++++ DATA TO USE ++++

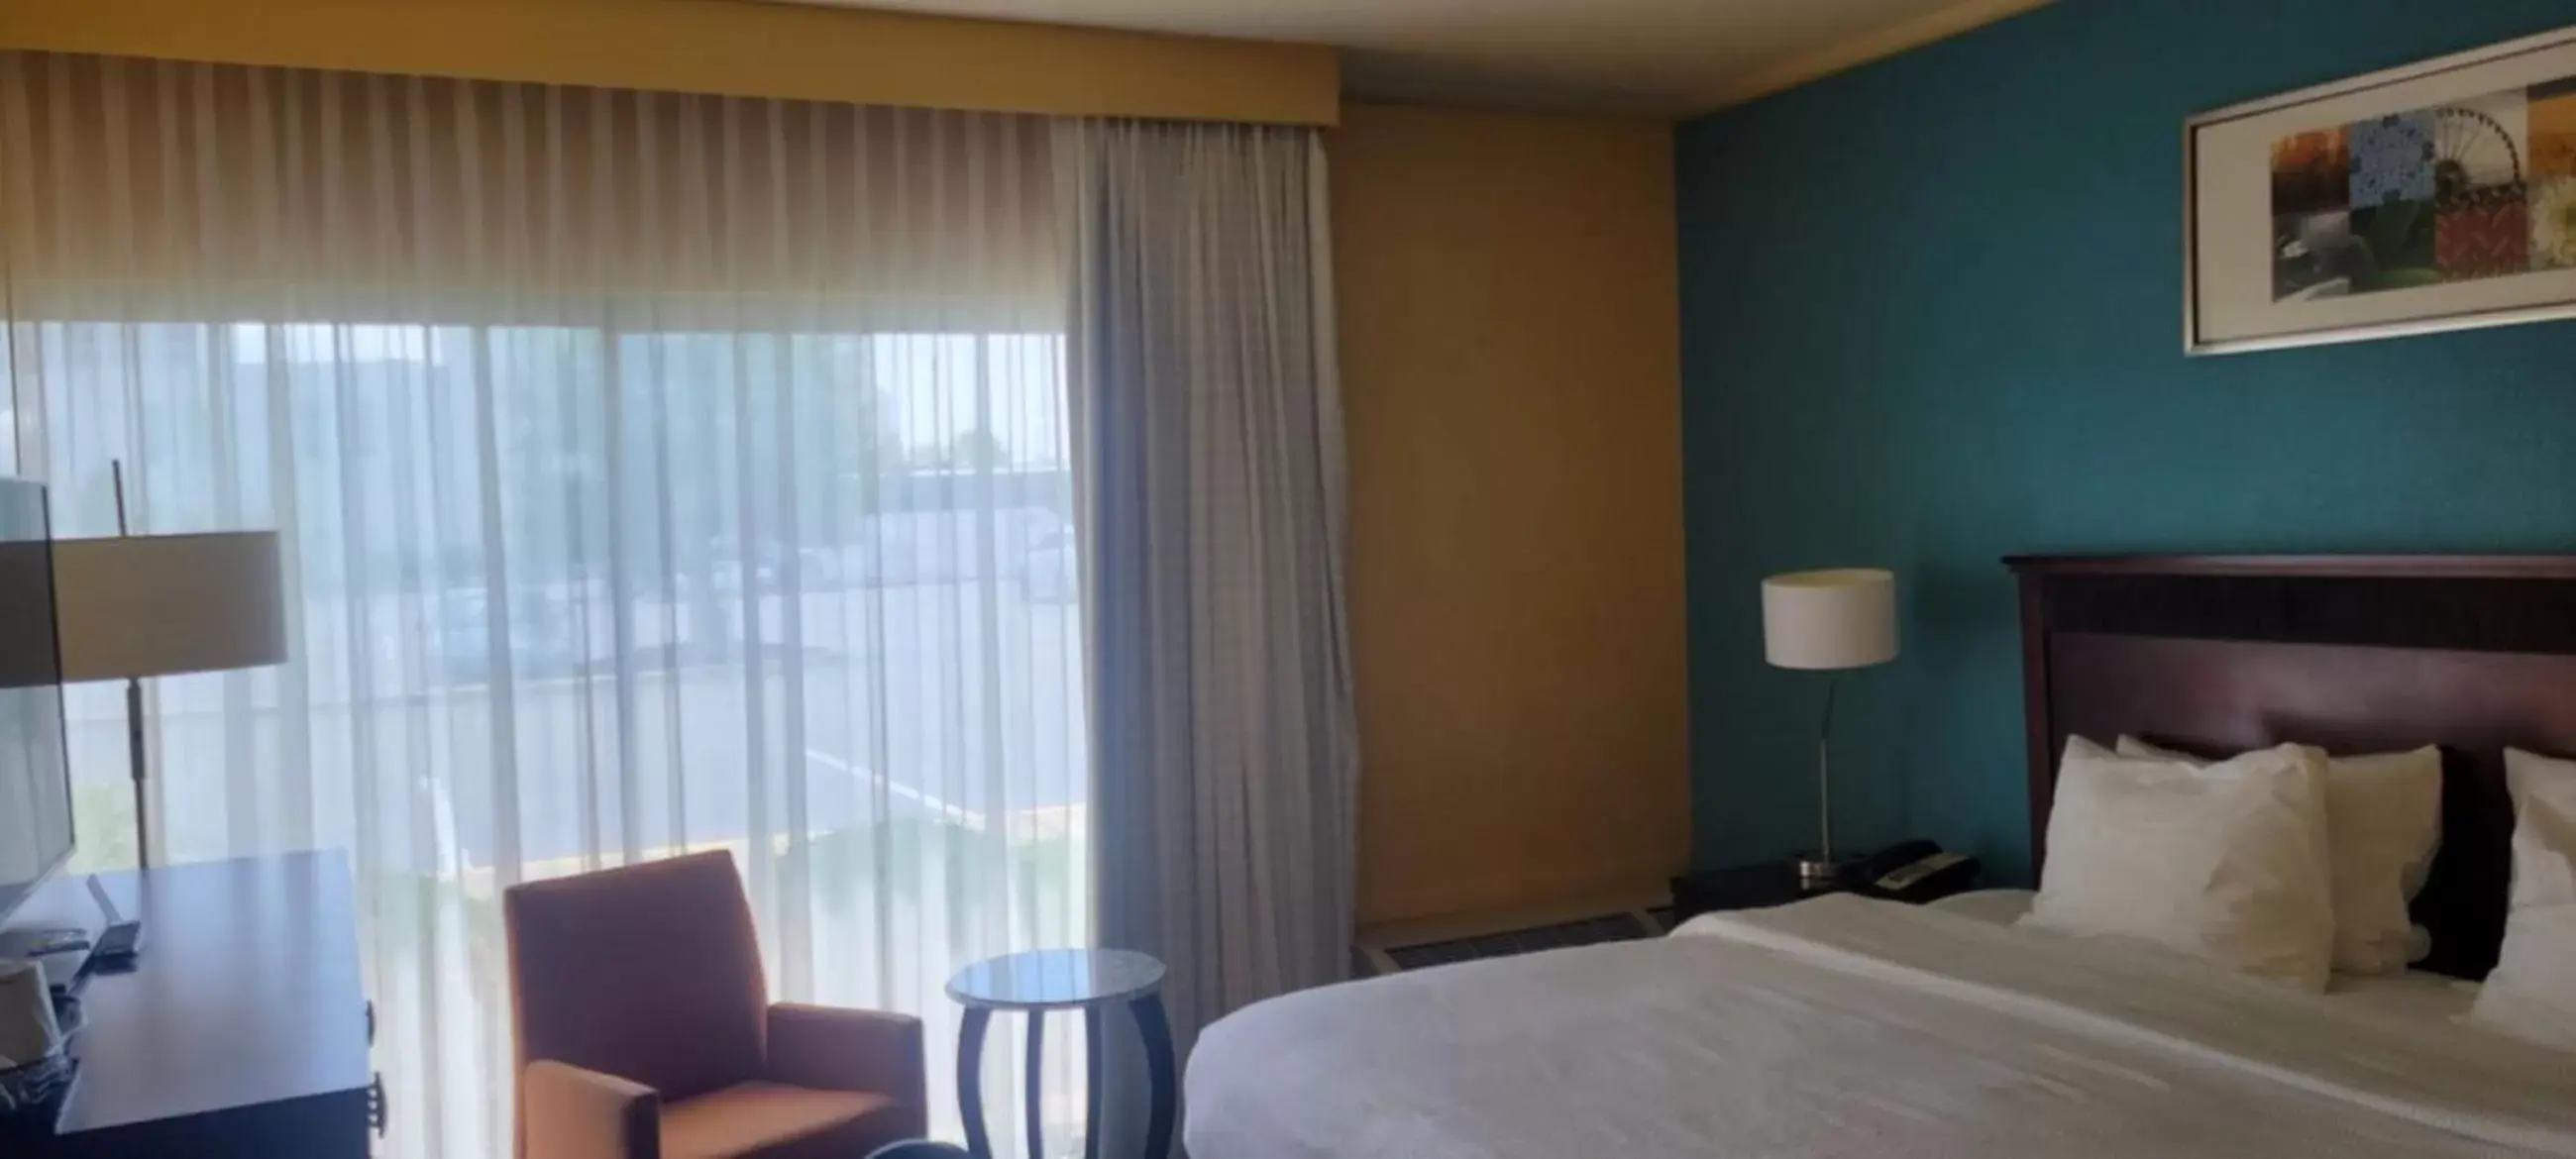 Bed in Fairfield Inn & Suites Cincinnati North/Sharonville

++++
++++ DATA TO USE ++++

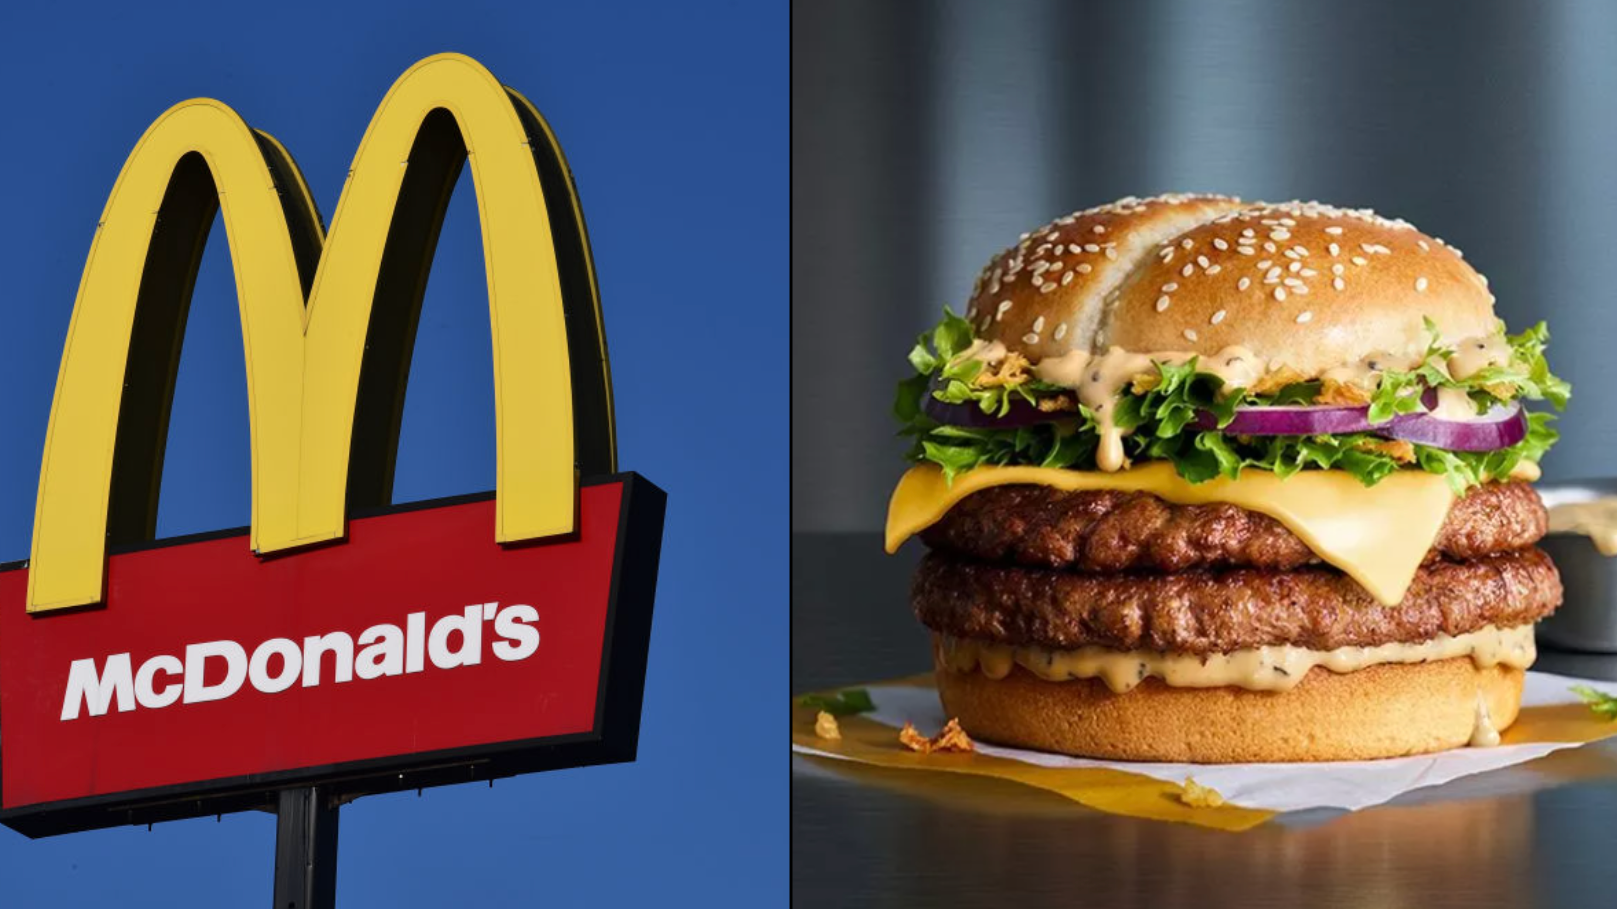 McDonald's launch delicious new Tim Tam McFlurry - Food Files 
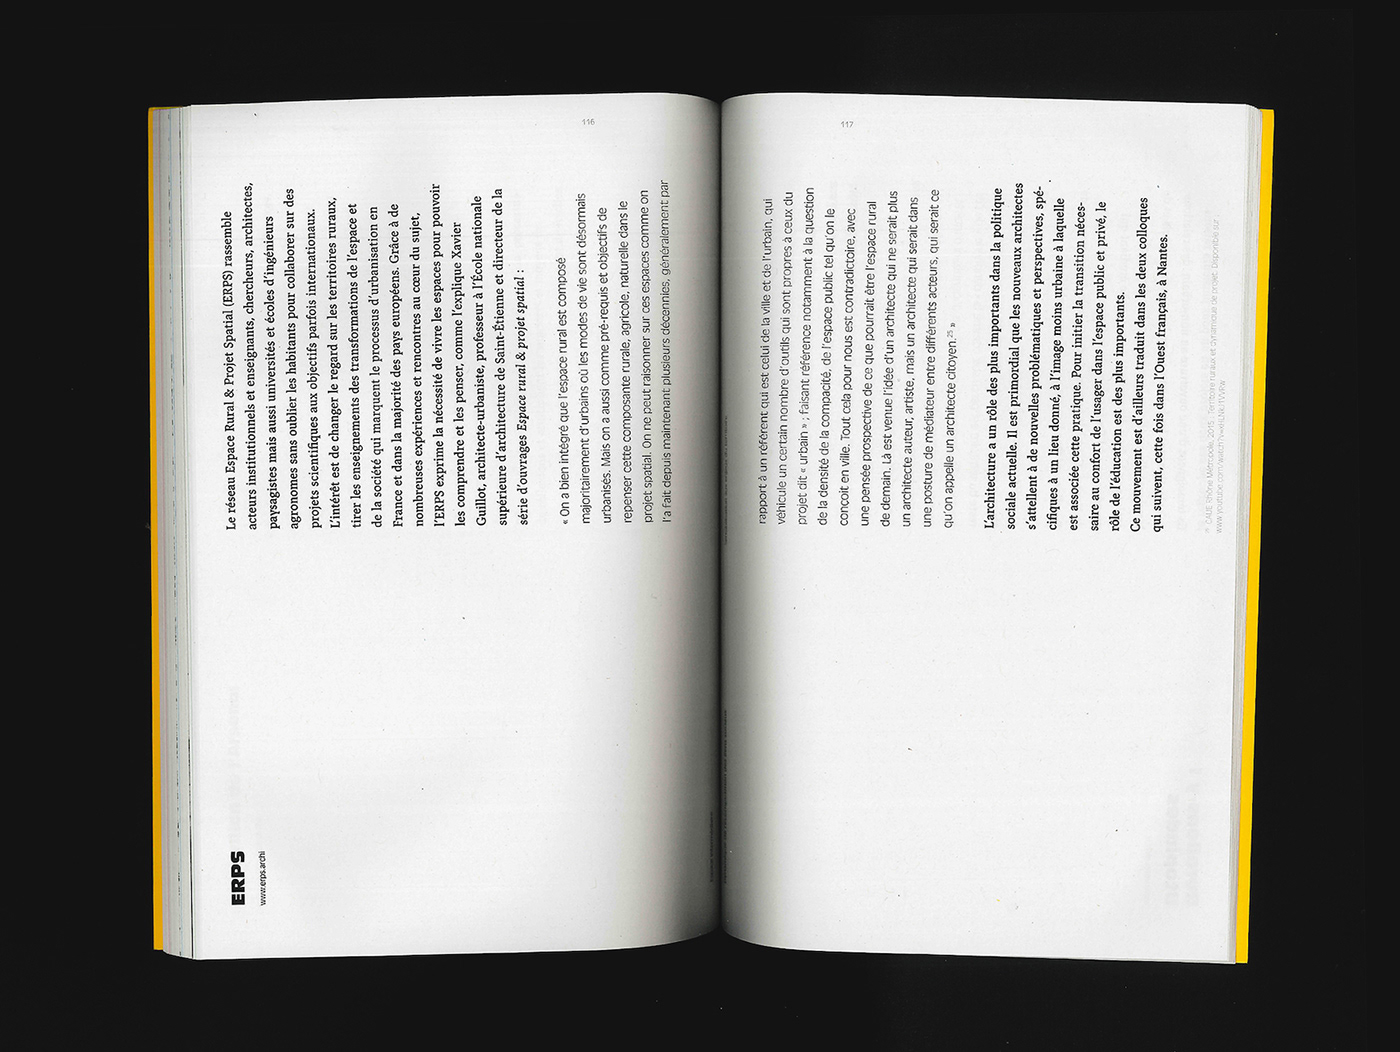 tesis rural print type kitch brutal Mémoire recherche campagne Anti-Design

++++

AIM OF THE EXERCISE
From the material above, give again exactly the lines from the one that contains "McDonald's launch delicious" through the one that contains "tesis rural print", and leave out the pictures.

RESPONSE AREA
 McDonald's launch delicious new Tim Tam McFlurry - Food Files 
 tesis rural print type kitch brutal Mémoire recherche campagne Anti-Design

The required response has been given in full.